• RECORDED INFORMATION:

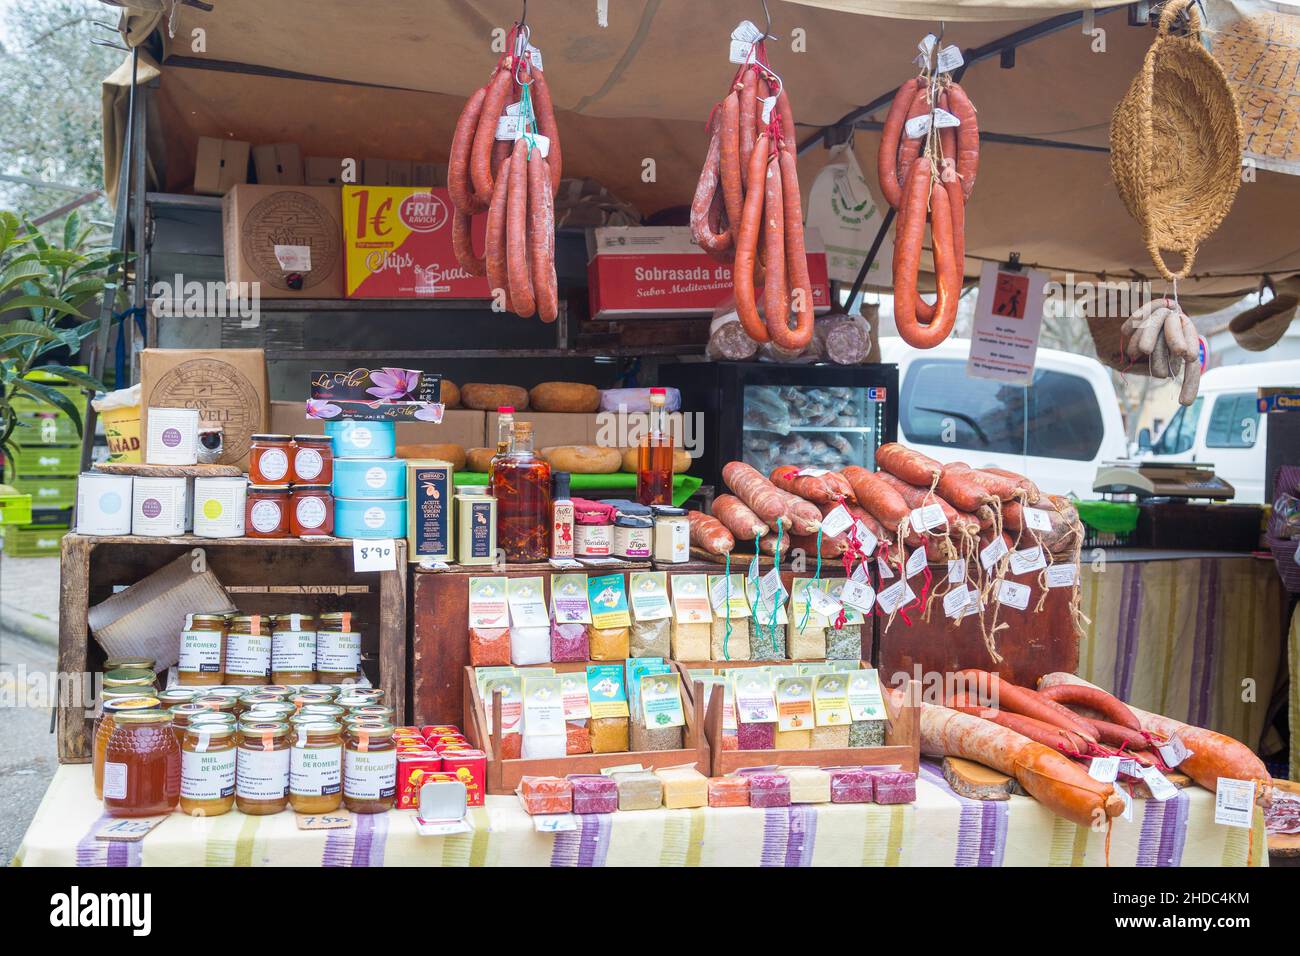 Marché avec saucisses et produits locaux, marché hebdomadaire historique, Sineu, Majorque, Espagne Banque D'Images
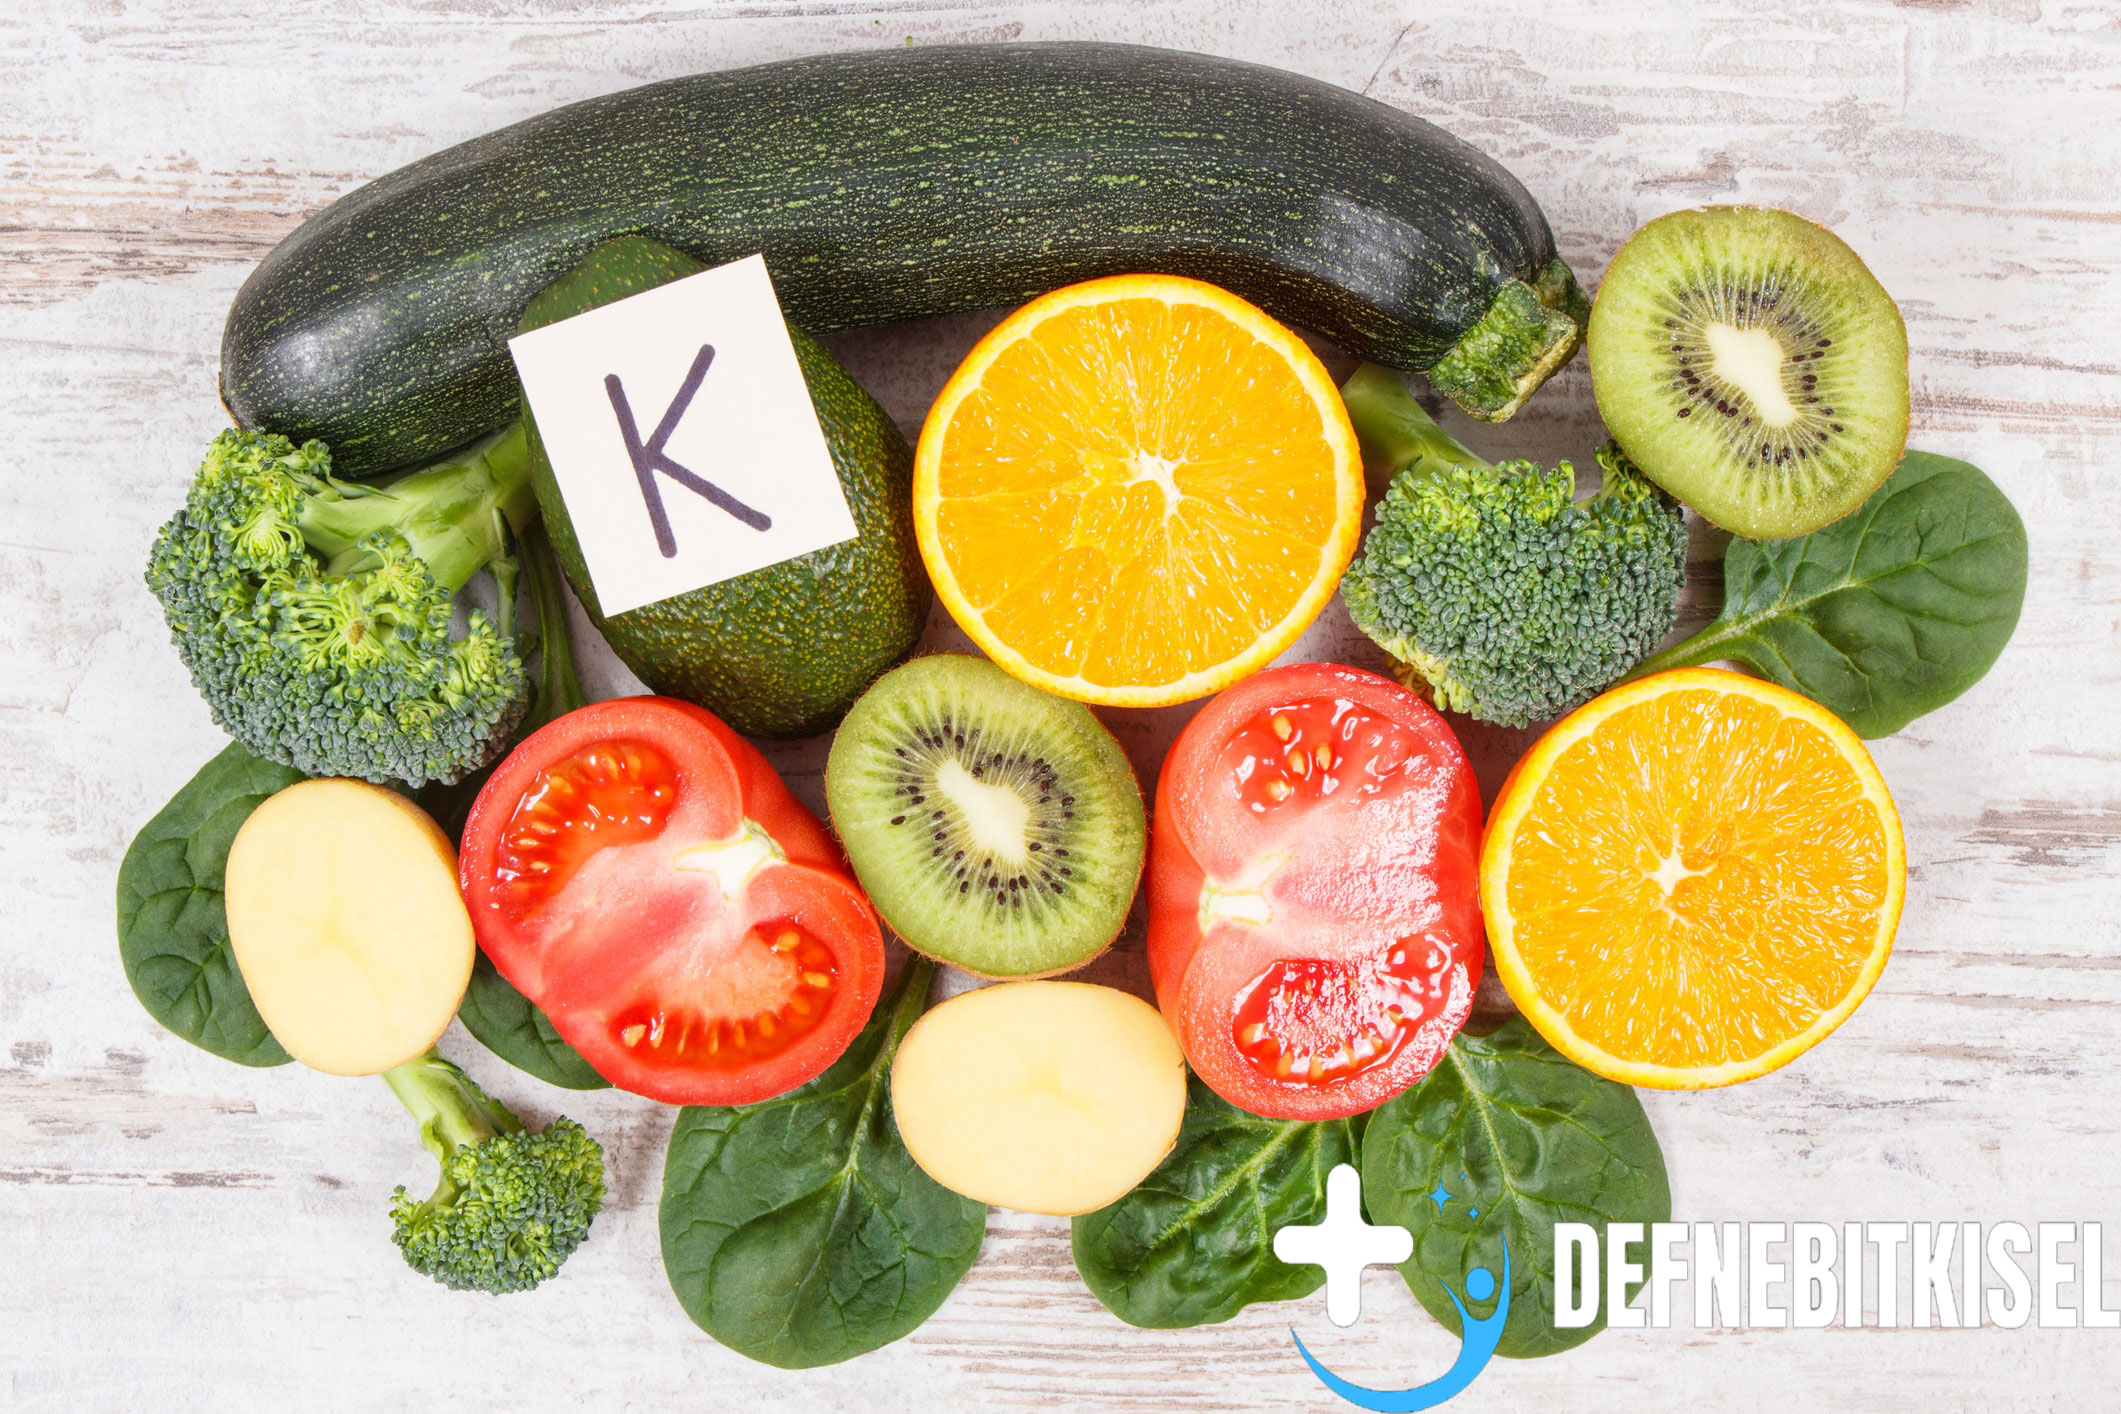 Manfaat Vitamin K dalam Mendukung Proses Pembekuan Darah
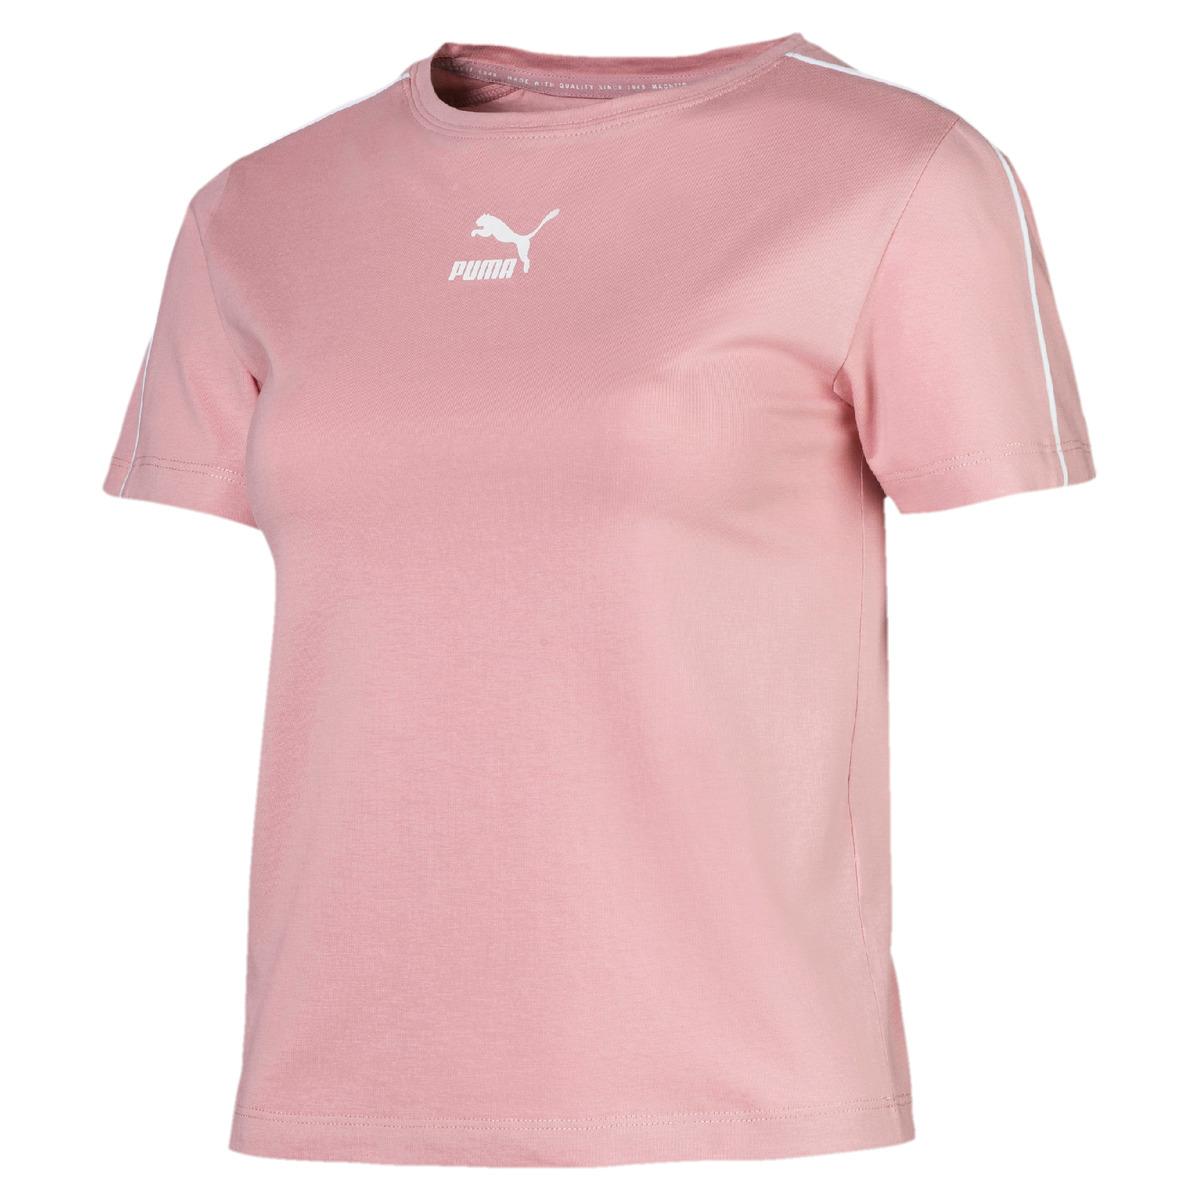 PUMA Cotton Classics Tight T-shirt in Pink - Lyst

• PROBLEM TO WORK ON:
Take the data above and repeat it exactly, leaving each picture out.

• WRITTEN RESPONSE:
 Marché avec saucisses et produits locaux, marché hebdomadaire historique, Sineu, Majorque, Espagne Banque D'Images
 Manfaat Vitamin K dalam Mendukung Proses Pembekuan Darah
 PUMA Cotton Classics Tight T-shirt in Pink - Lyst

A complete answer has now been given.